Gunler Pirim M Altinay, Tora Hakan, Oztoprak Kasim, Butun İsmail
Vakifbank, 06200 Ankara, Turkey.
Department of Avionics, Atilim University, 06830 Ankara, Turkey.
Sensors (Basel). 2023 Oct 15;23(20):8477. doi: 10.3390/s23208477.
In this paper, a novel feature generator framework is proposed for handwritten digit classification. The proposed framework includes a two-stage cascaded feature generator. The first stage is based on principal component analysis (PCA), which generates projected data on principal components as features. The second one is constructed by a partially trained neural network (PTNN), which uses projected data as inputs and generates hidden layer outputs as features. The features obtained from the PCA and PTNN-based feature generator are tested on the MNIST and USPS datasets designed for handwritten digit sets. Minimum distance classifier (MDC) and support vector machine (SVM) methods are exploited as classifiers for the obtained features in association with this framework. The performance evaluation results show that the proposed framework outperforms the state-of-the-art techniques and achieves accuracies of 99.9815% and 99.9863% on the MNIST and USPS datasets, respectively. The results also show that the proposed framework achieves almost perfect accuracies, even with significantly small training data sizes.

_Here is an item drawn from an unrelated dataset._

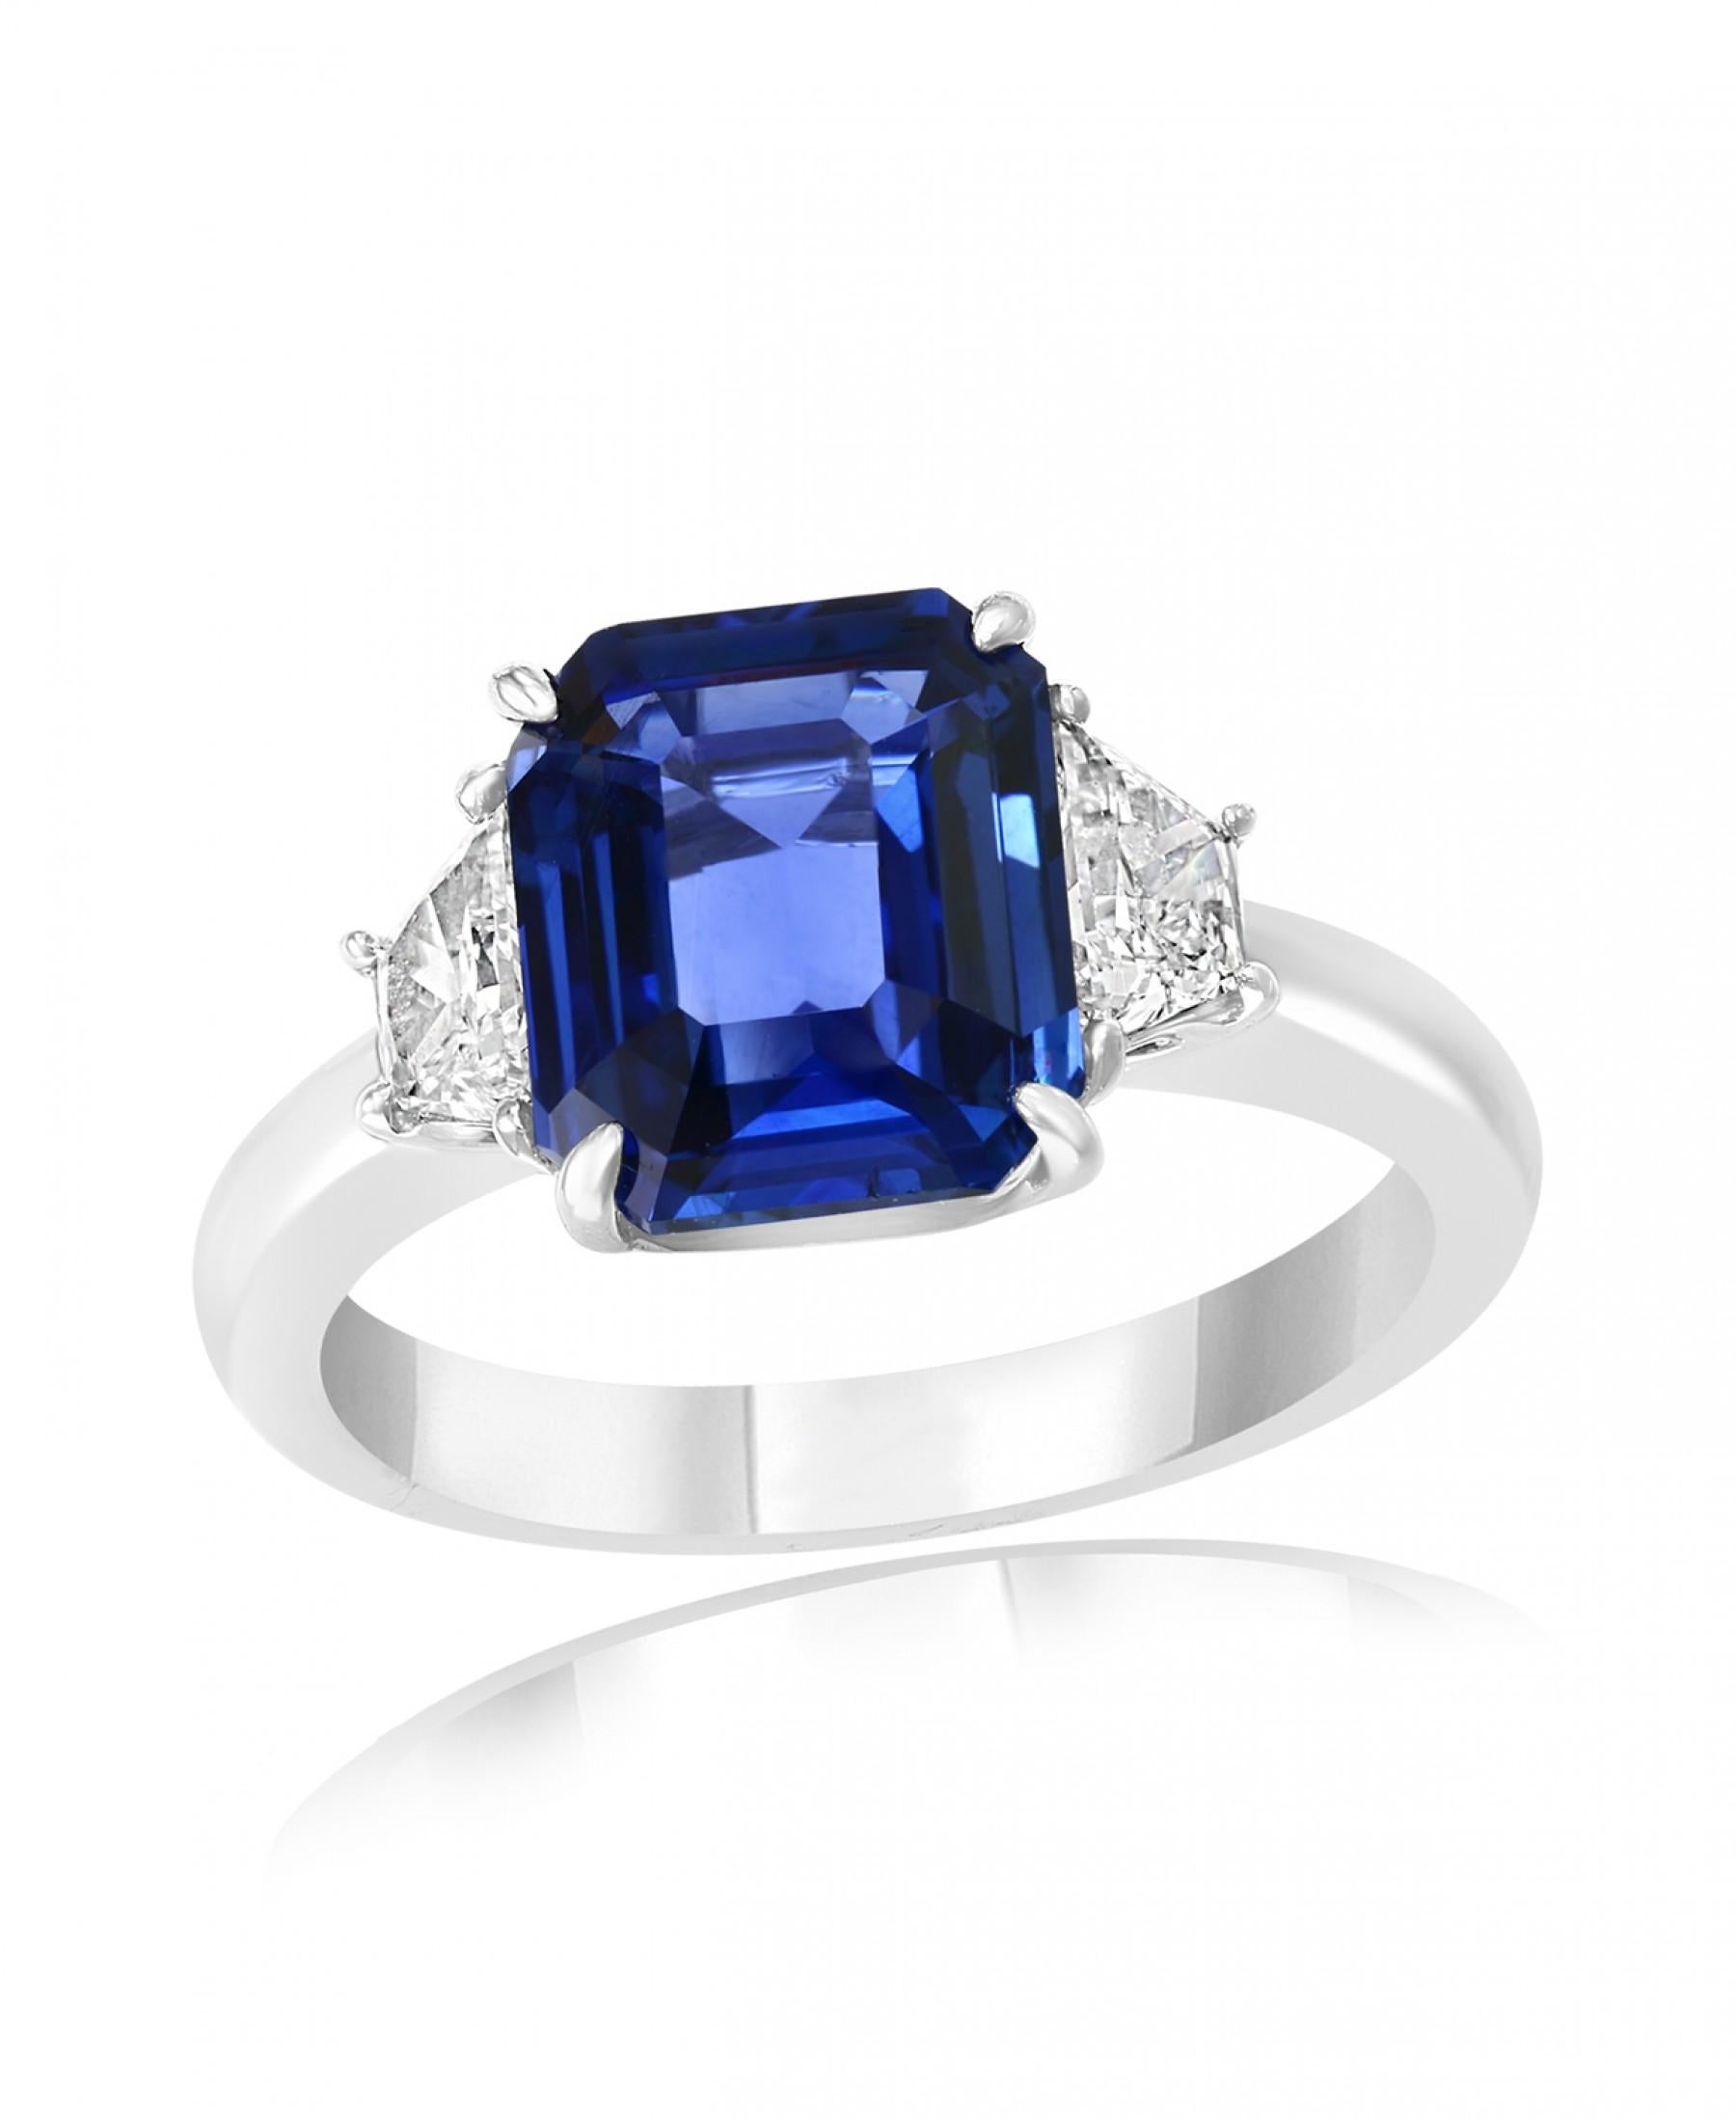 Women's or Men's 5.11 Carat Emerald Cut Sapphire with Two Accent Diamonds Totaling .52 Carat For Sale

本文提出了一种用于手写数字分类的新型特征生成器框架。所提出的框架包括一个两阶段级联特征生成器。第一阶段基于主成分分析(PCA),它生成主成分上的投影数据作为特征。第二阶段由一个部分训练的神经网络(PTNN)构建,该网络使用投影数据作为输入并生成隐藏层输出作为特征。从基于PCA和PTNN的特征生成器获得的特征在为手写数字集设计的MNIST和USPS数据集上进行测试。最小距离分类器(MDC)和支持向量机(SVM)方法被用作与该框架相关联的所获得特征的分类器。性能评估结果表明,所提出的框架优于现有技术,在MNIST和USPS数据集上分别达到了99.9815%和99.9863%的准确率。结果还表明,即使训练数据量非常小,所提出的框架也能实现几乎完美的准确率。